Now $237^{1002} \equiv 37^{1002} \equiv 37 ^ 2 \equiv 1369\equiv 69 \pmod{100}$.

Answer 9

$237^{1002}=237^{1000+2}$

$237^2 \times 237^{1000}$

as you know unit digit in case of powers repeat after each fourth power

so $unit digit(237^2\times 237^{1000})=unit digit(237^2)\times unit digit(237^{1000})$

$=9\times 1=9$

Answer 10

$237\equiv-3\mod10$

$\therefore 237^{1002} \equiv(-3)^{1002} \equiv (-3)^2.(9)^{500}\equiv 9.(-1)^{500}\equiv 9 \mod10$

Answer 11

Finding the last digit of ${237}^{1002}$ is same as finding the last digit of $ 7^{1002}$.

We see that $7^1 = 7$; $7^2 = 9$; $7^3 = 3$; $7^4 = 1$; $\dots$

Then comes the repetition of $7$, $9$, $3$ and $1$ as the powers of $7$ increase.

Since our power is even, our choices reduce to last digit of $7^2$ and $7^4$ which are $9$ and $1$ respectively.

Since $1002$ is a multiple of $2$ but not a multiple of $4$, our choice of power $1002$ of $7$ is same as power $2$ of $7$, which is $9$.

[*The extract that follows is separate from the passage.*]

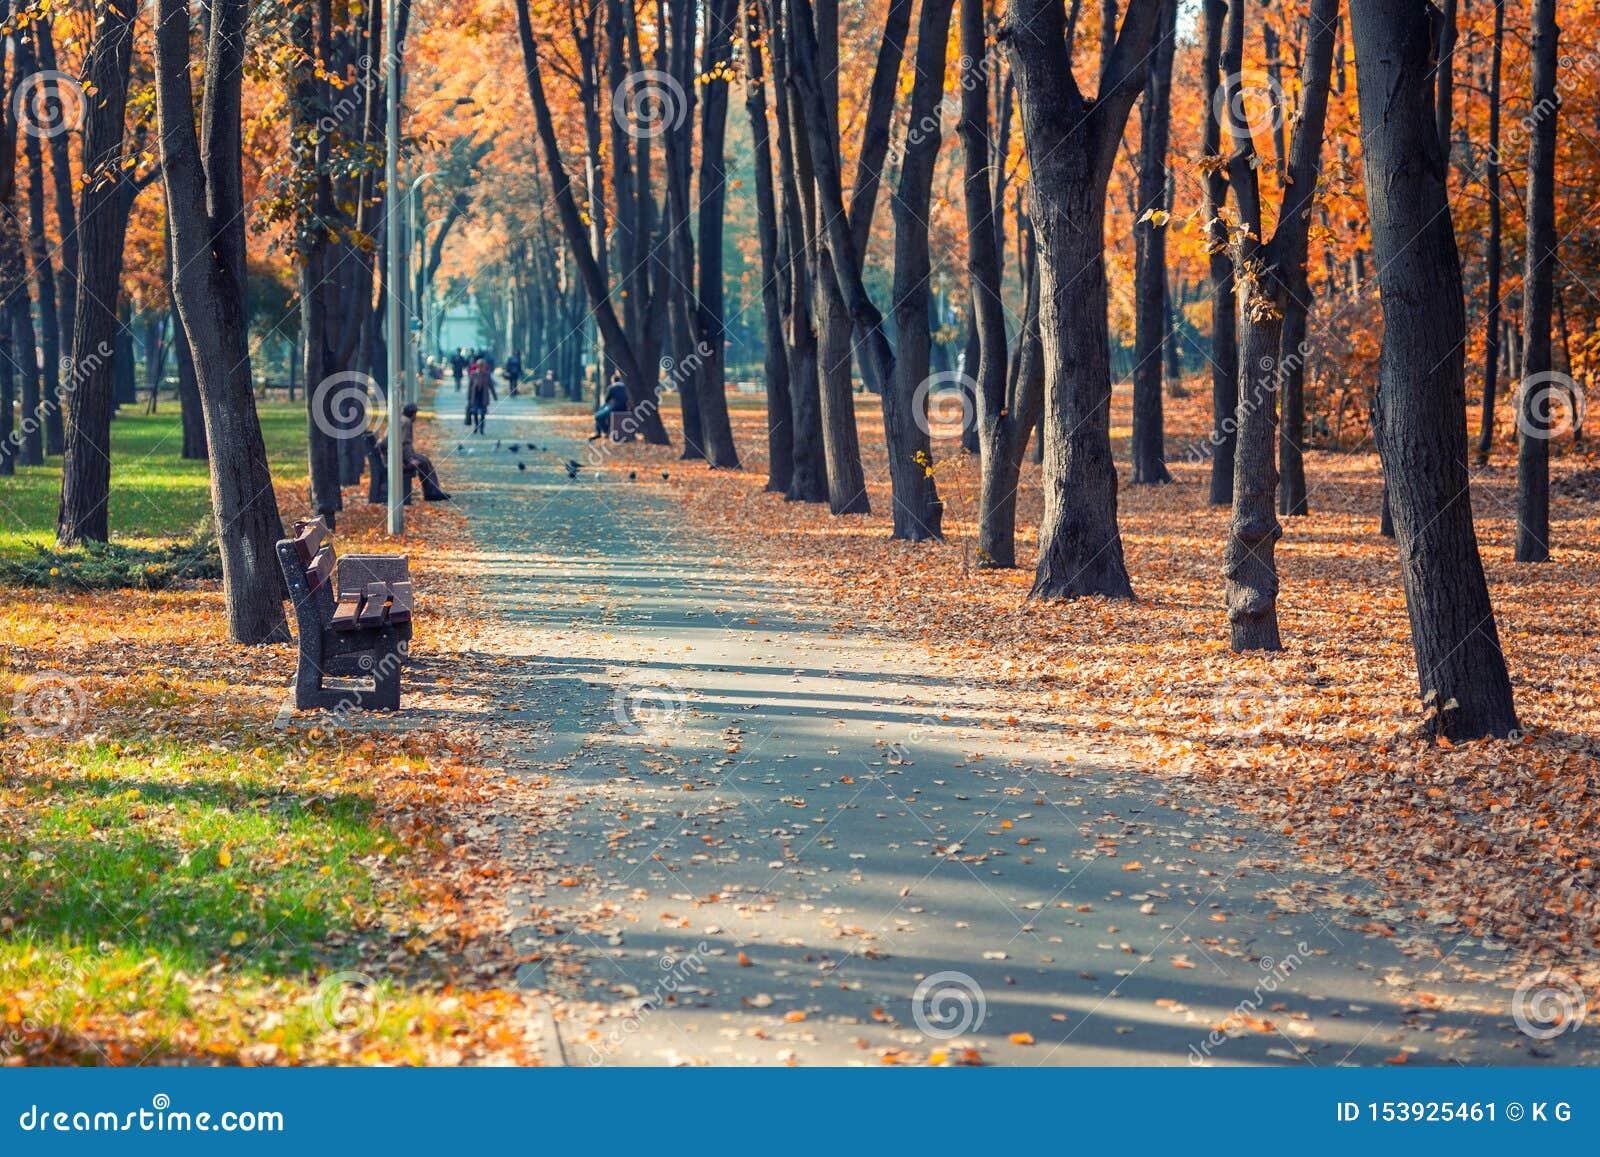 有长凳的美丽的风景早期的秋天胡同在树和金黄色的叶子醉汉之间在城市公园 人行道
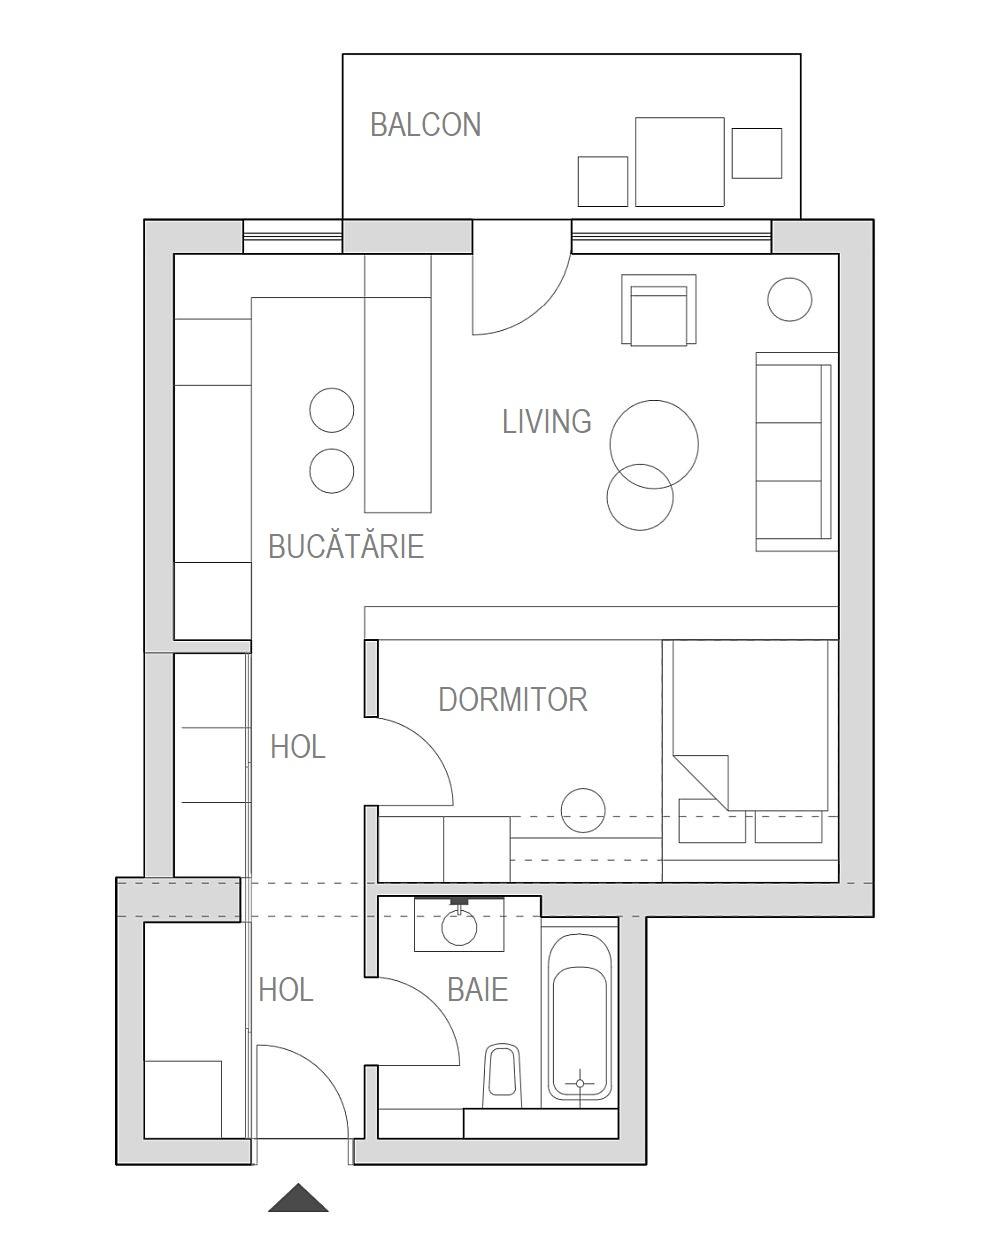 Inițial garsoniera avea hol, baie, bucătărie și cameră. Unde este acum dormitorul era camera garsonierei, iar unde e masa din bucătărie, practic exista zidul de separare între bucătărie și cameră. Arhitectul Bianca Nicolae a deschis bucătăria către cameră, iar spațiul livingului l-a împărțit pentru a obține dormitorul, care este separat prin mobilier, iar de e hol este separat cu ușă. Spațiile mari de depozitare sunt pe hol, unde arhitectul a prevăzut dulapuri.

Therefore, $7^{1002} = 9$ (last digit)

Answer 12

You can solve this using Euler's theorem:

• $\gcd(237,10)=1$
• Therefore $237^{\phi(10)}\equiv1\pmod{10}$
• Therefore $237^{\phi(2\cdot5)}\equiv1\pmod{10}$
• Therefore $237^{(2-1)\cdot(5-1)}\equiv1\pmod{10}$
• Therefore $237^{1\cdot4}\equiv1\pmod{10}$
• Therefore $237^{4}\equiv1\pmod{10}$

Therefore $237^{1002}\equiv237^{4\cdot250+2}\equiv(\color\red{237^{4}})^{250}\cdot237^{2}\equiv\color\red{1}^{250}\cdot237^{2}\equiv56169\equiv9\pmod{10}$.